Le ministre de l’agriculture ne convainc pas la FNB
L’assemblée générale de la Fédération nationale bovine a pointé la responsabilité des pouvoirs publics, qui n’ont pas encore pris conscience des difficultés des éleveurs et de l’aval de la filière qui ne joue pas la carte de la production nationale.
Chabauty (79).
«Vous êtes responsable, en tant que ministre, de la situation. Les pouvoirs publics ont tardé à prendre conscience de l’ampleur de la crise », a déclaré Jean-Pierre Fleury, président de la FNB, en accueillant le ministre de l’agriculture au congrès de la Fédération nationale bovine qui s’est déroulé à Bourg en Bresse, dans l’Ain, les 3 et 4 février. Accueilli sous les huées, Stéphane Le Foll a été soumis à un véritable réquisitoire. Le plan de soutien à l’élevage, annoncé le 3 septembre dernier et complété en janvier dernier ? « Les intentions sont bonnes », notamment en matière d’année blanche, a convenu Jean-Pierre Fleury, mais pour préciser aussitôt « que l’argent n’est pas suffisant ».
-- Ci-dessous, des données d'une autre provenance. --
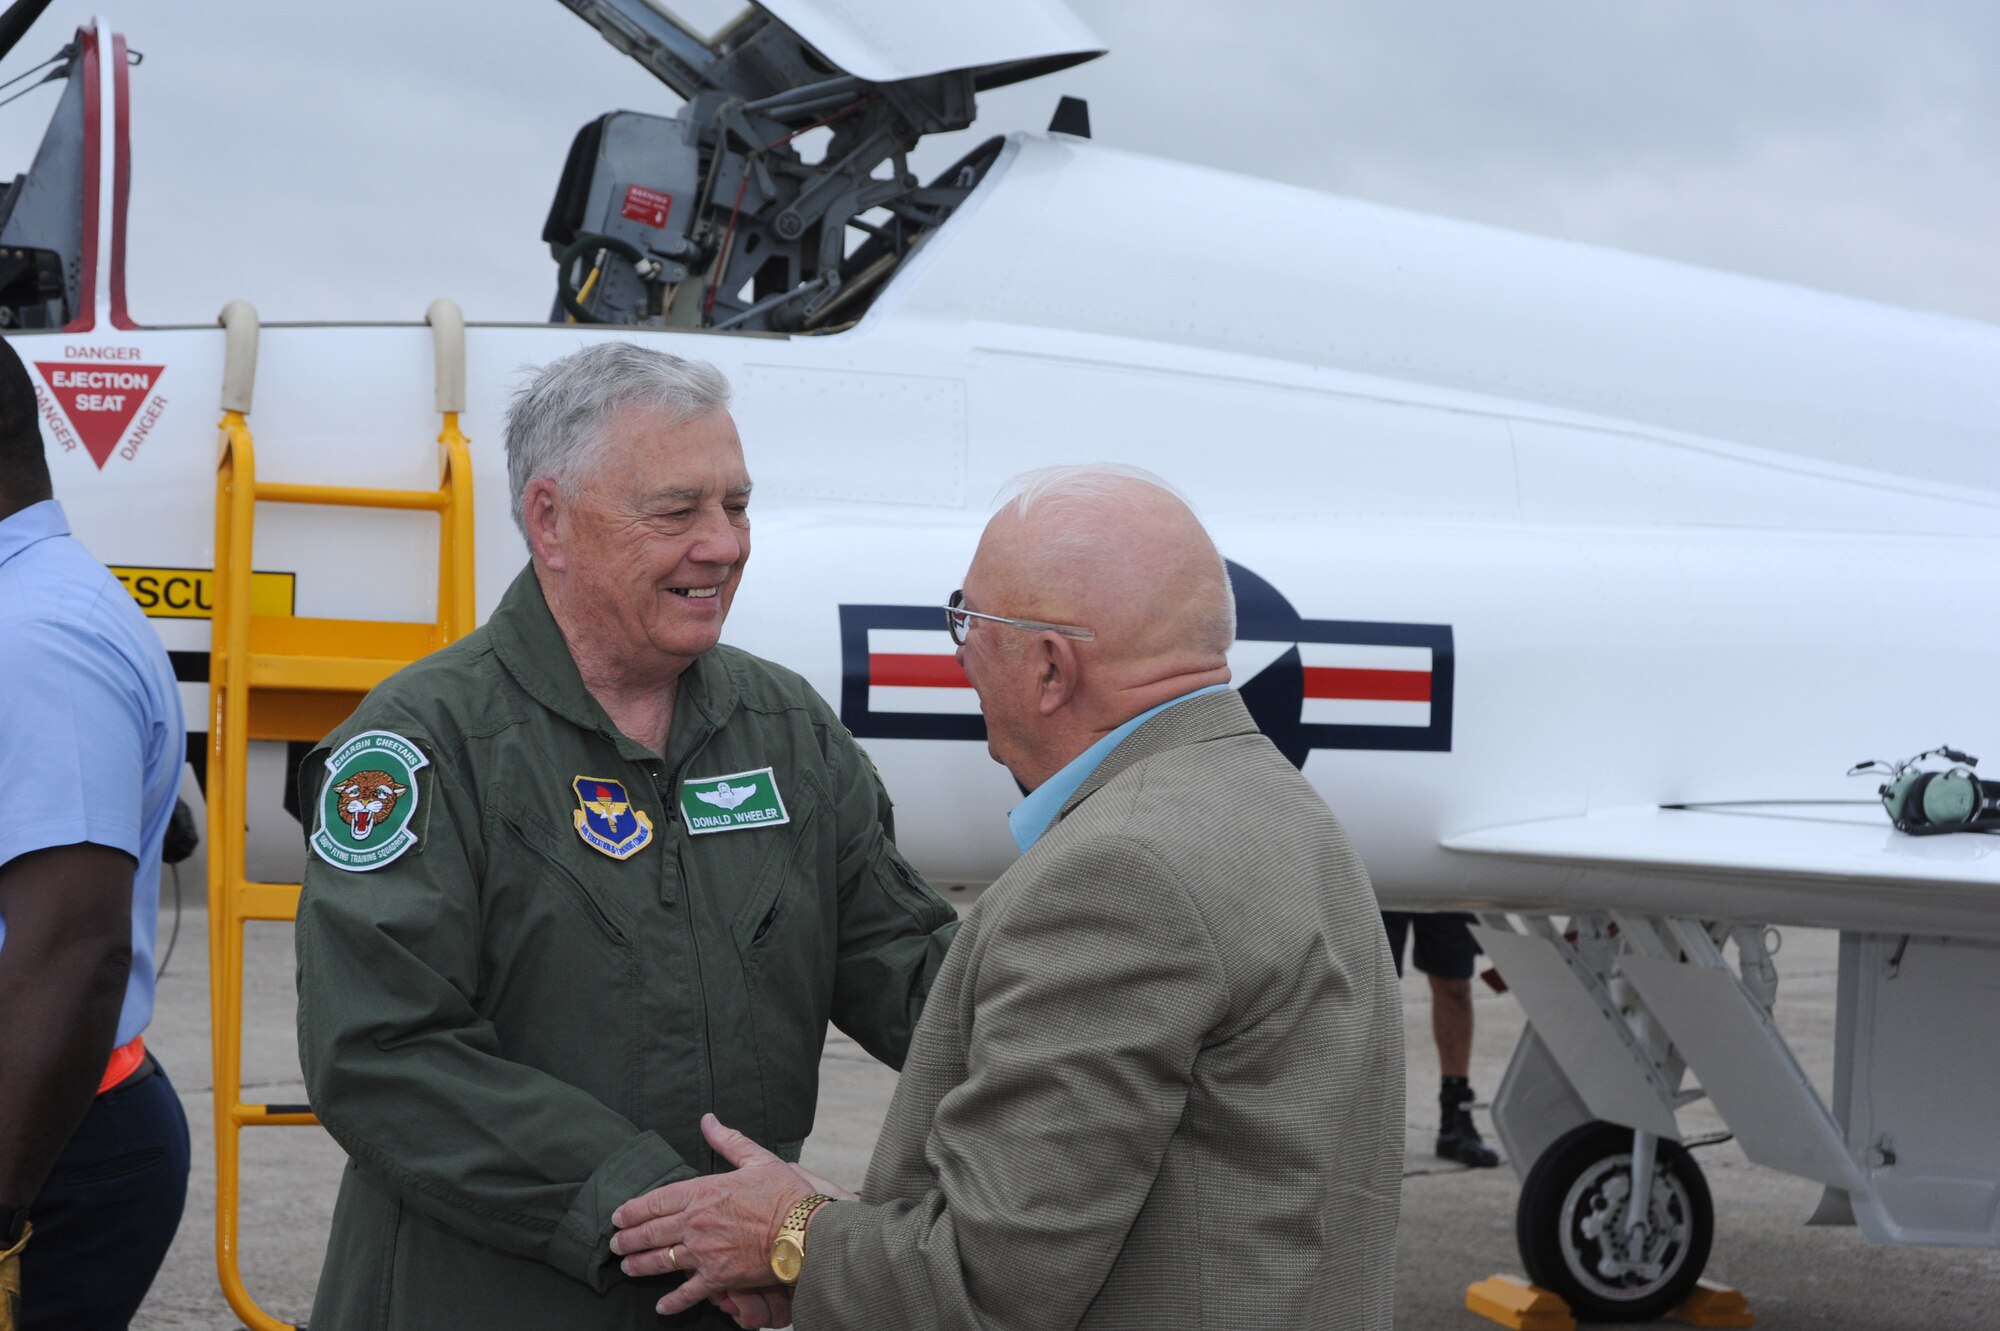 Retired Lt. Col. Donald Wheeler (left), a member of the first class to train in the T-38, reunites with retired Col. James Gibler, who was Colonel Wheeler's T-38 instructor in 1962, during a ceremony Thursday commemorating the 50th anniversary of the arrival of the T-38 at Randolph.  The two had not seen each other in 49 years.    (U.S. Air Force photo/Rich McFadden)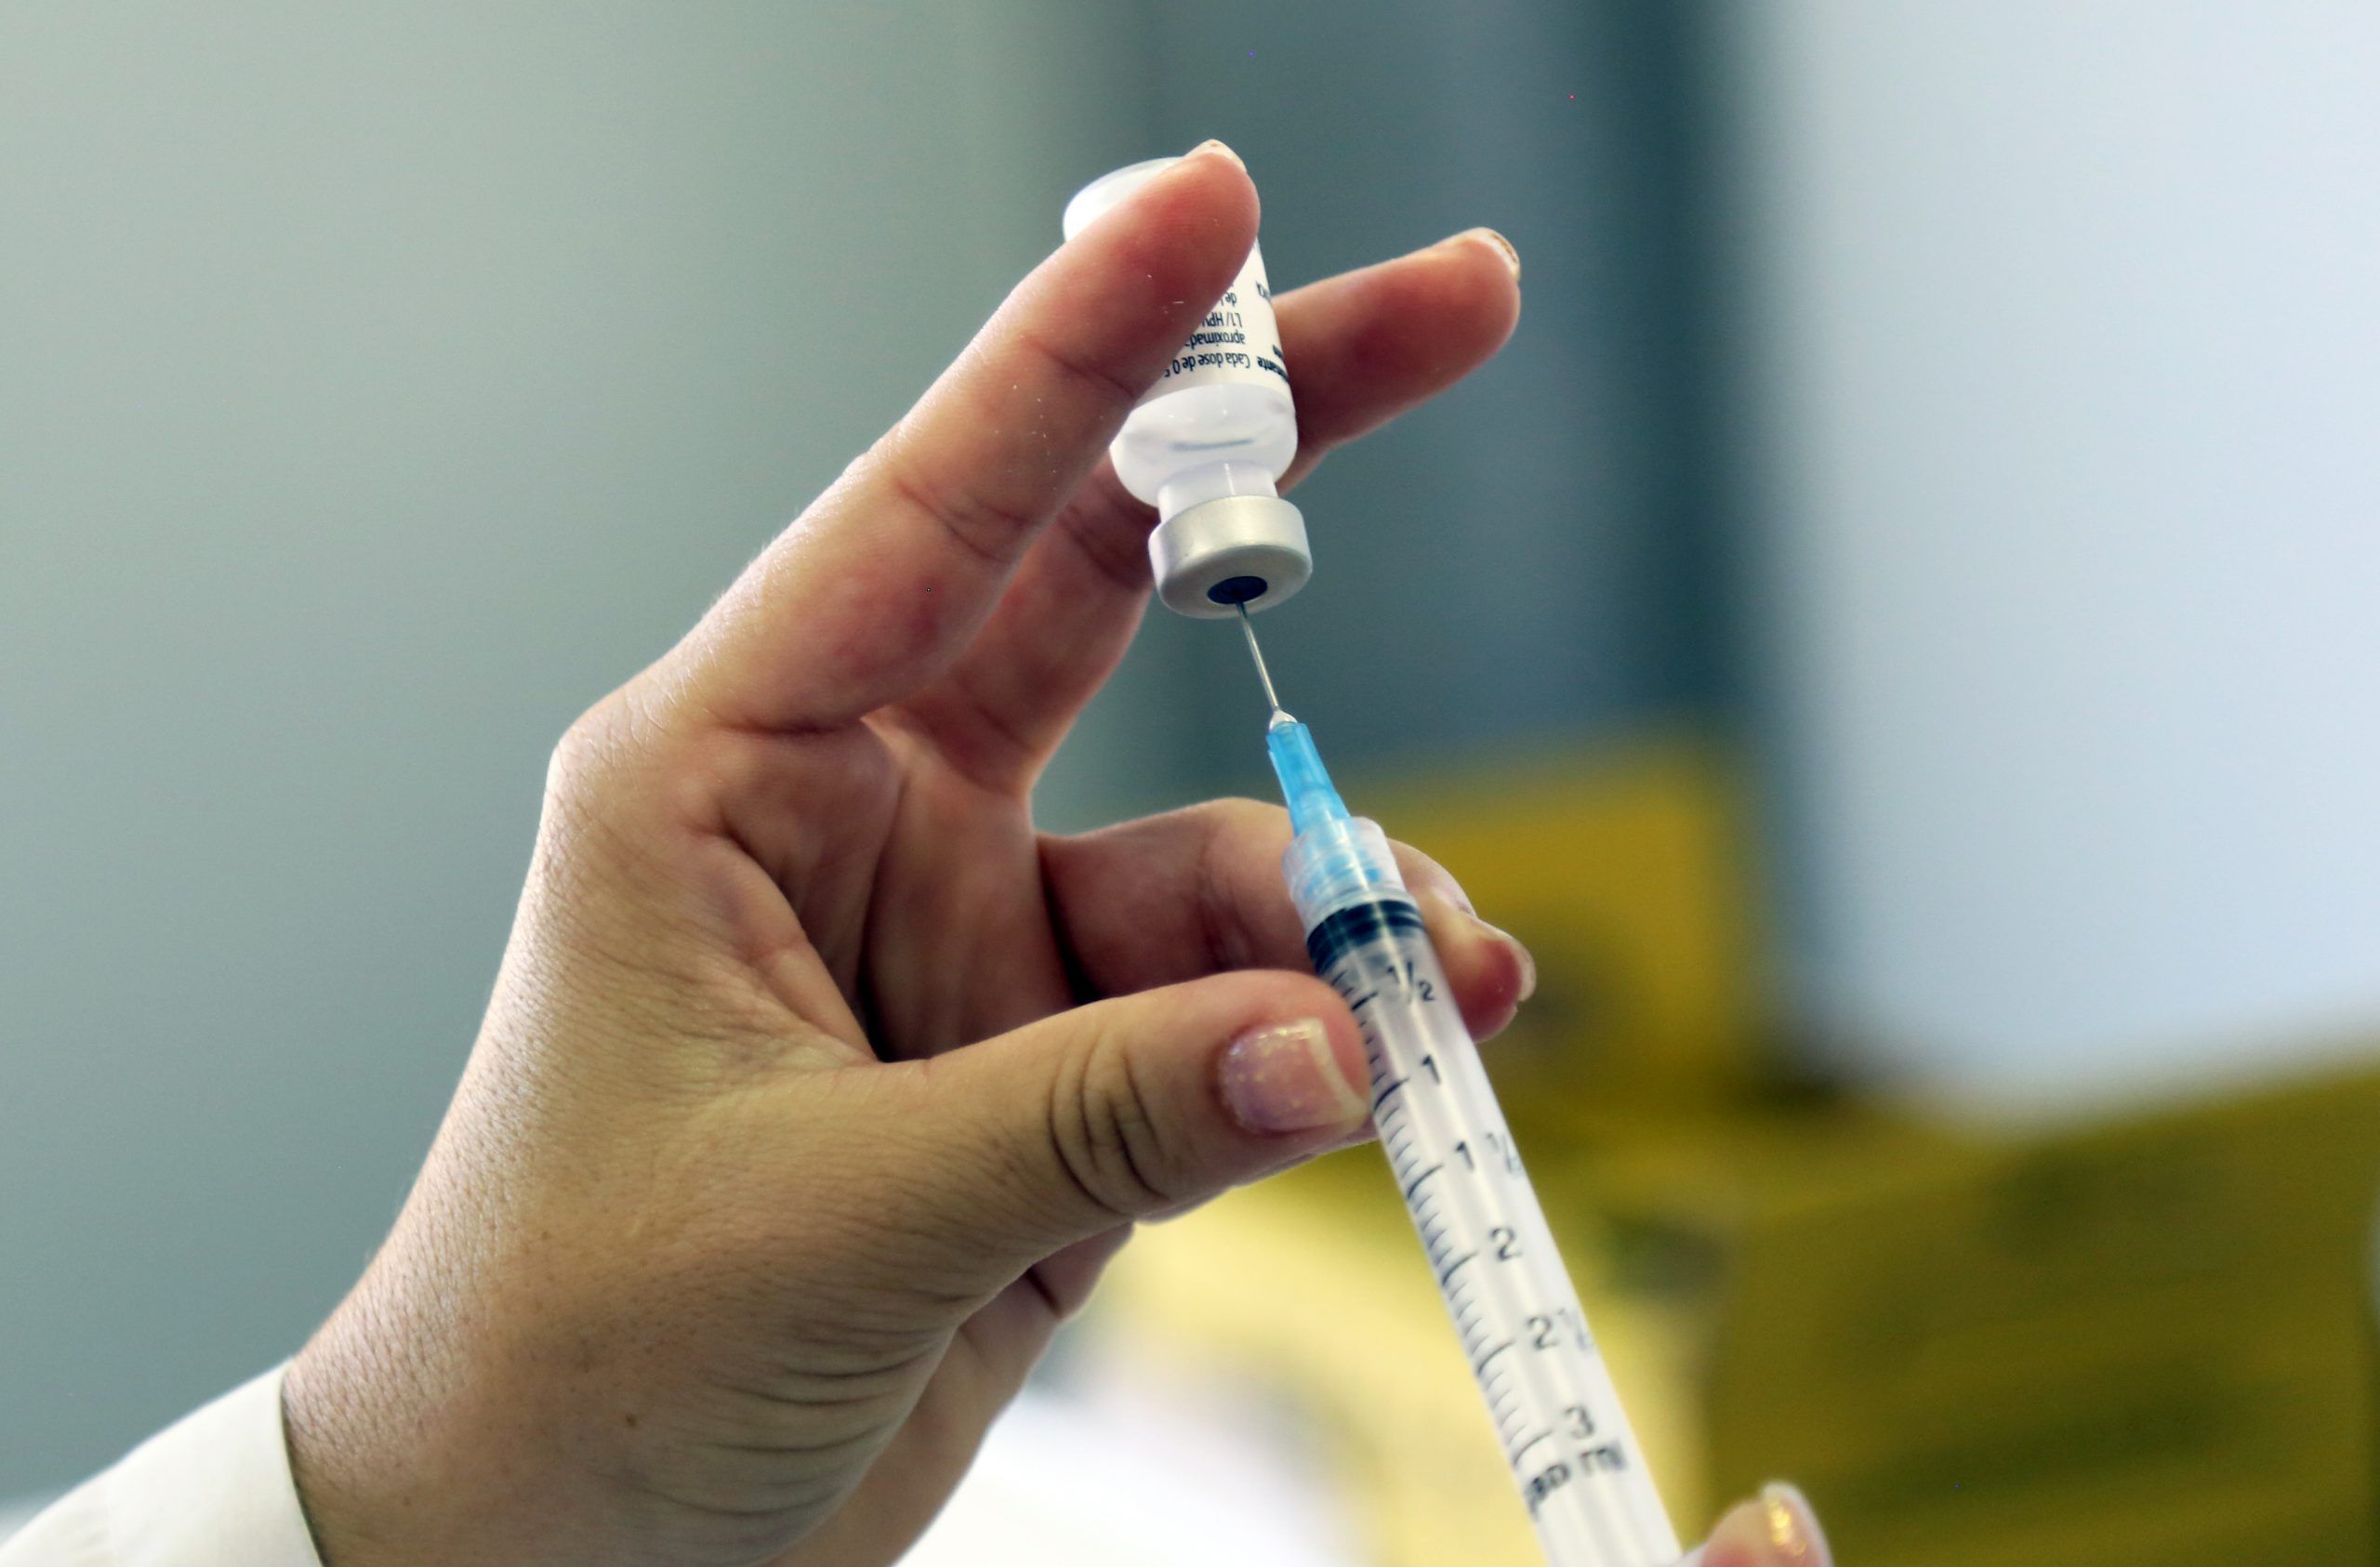 Science Round-up: First in-human trial of Danish corona vaccine returns promising results

L’étiquetage de l’origine de la viande dans les produits transformés ? « Il faut mettre les moyens, notamment à Bruxelles », a conseillé le président de la FNB.
La Pac ? « La France est aux abonnés absents à Bruxelles », alors que se jouent des négociations qui conditionnent l’avenir de la viande bovine. Selon lui, la commission européenne ne se préoccuperait que de signer des accords de libre-échange, hier avec le Canada, aujourd’hui avec les États-Unis, demain avec le Mercosur.
Un ministre sans solutions
Aux pouvoirs publics, il est également reproché de ne pas procéder aux contrôles et aux sanctions sur les manquements au niveau des relations commerciales, comme le prévoit la loi. L’accumulation des normes et des réglementations plombent la compétitivité des exploitations, de même que les difficultés des déclarations Pac, le rejet des dossiers sécheresse, les lourdeurs de la méthanisation, la persistance des difficultés d’exportation liées à la FCO ainsi que la disponibilité des vaccins. Autant de sources de mécontentements auxquelles le ministre de l’agriculture a eu du mal à répondre.
Dans sa corbeille, le ministre n’avait finalement qu’un nouveau décret sur la pesée, le classement et le marquage pour moraliser les relations commerciales entre l’éleveur et l’abatteur. Ce texte, à paraître prochainement, fixera un laps de temps pendant lequel l’éleveur pourra accepter ou contester le classement de ses animaux. Surtout, il a annoncé un assouplissement du régime des installations classées pour l’environnement (ICPE). Sur le modèle déjà en vigueur pour le porc et la volaille, un régime d’enregistrement va se mettre en place entre 400 et 800 places. Stéphane Le Foll a également confirmé qu’il allait publier un décret sur l’origine des viandes dans les produits transformés, sans attendre le feu vert de Bruxelles.
Bigard et les industriels sur la sellette
Les débats se sont également focalisés sur le comportement de la filière qui ne joue pas la carte du troupeau allaitant et notamment du principal opérateur, le groupe Bigard, qui contrôle 40 % de l’abattage en France. Convié aux travaux du congrès, il a décliné l’invitation. « Nous voulons un nouveau modèle de construction de la valeur dans la filière qui intègre les coûts de production », a plaidé Jean-Pierre Fleury. Le groupe est accusé de ne pas s’être inscrit dans une démarche de revalorisation du prix à la production, sous l’égide du ministre de l’agriculture au mois de juin dernier. « Aujourd’hui, il manque 60 cts/kg par carcasse, soit 250 euros par animal », déplore le président. Au groupe Bigard, il est également reproché de torpiller la stratégie d’exportation. La plate-forme Export mise en place l’été dernier n’a, à ce jour, conclu aucun contrat. Il lui est également reproché de bloquer les travaux menés par l’interprofession sur la segmentation du marché pour mieux valoriser les viandes issues du troupeau allaitant. Et ainsi de jouer la carte des prix les plus bas.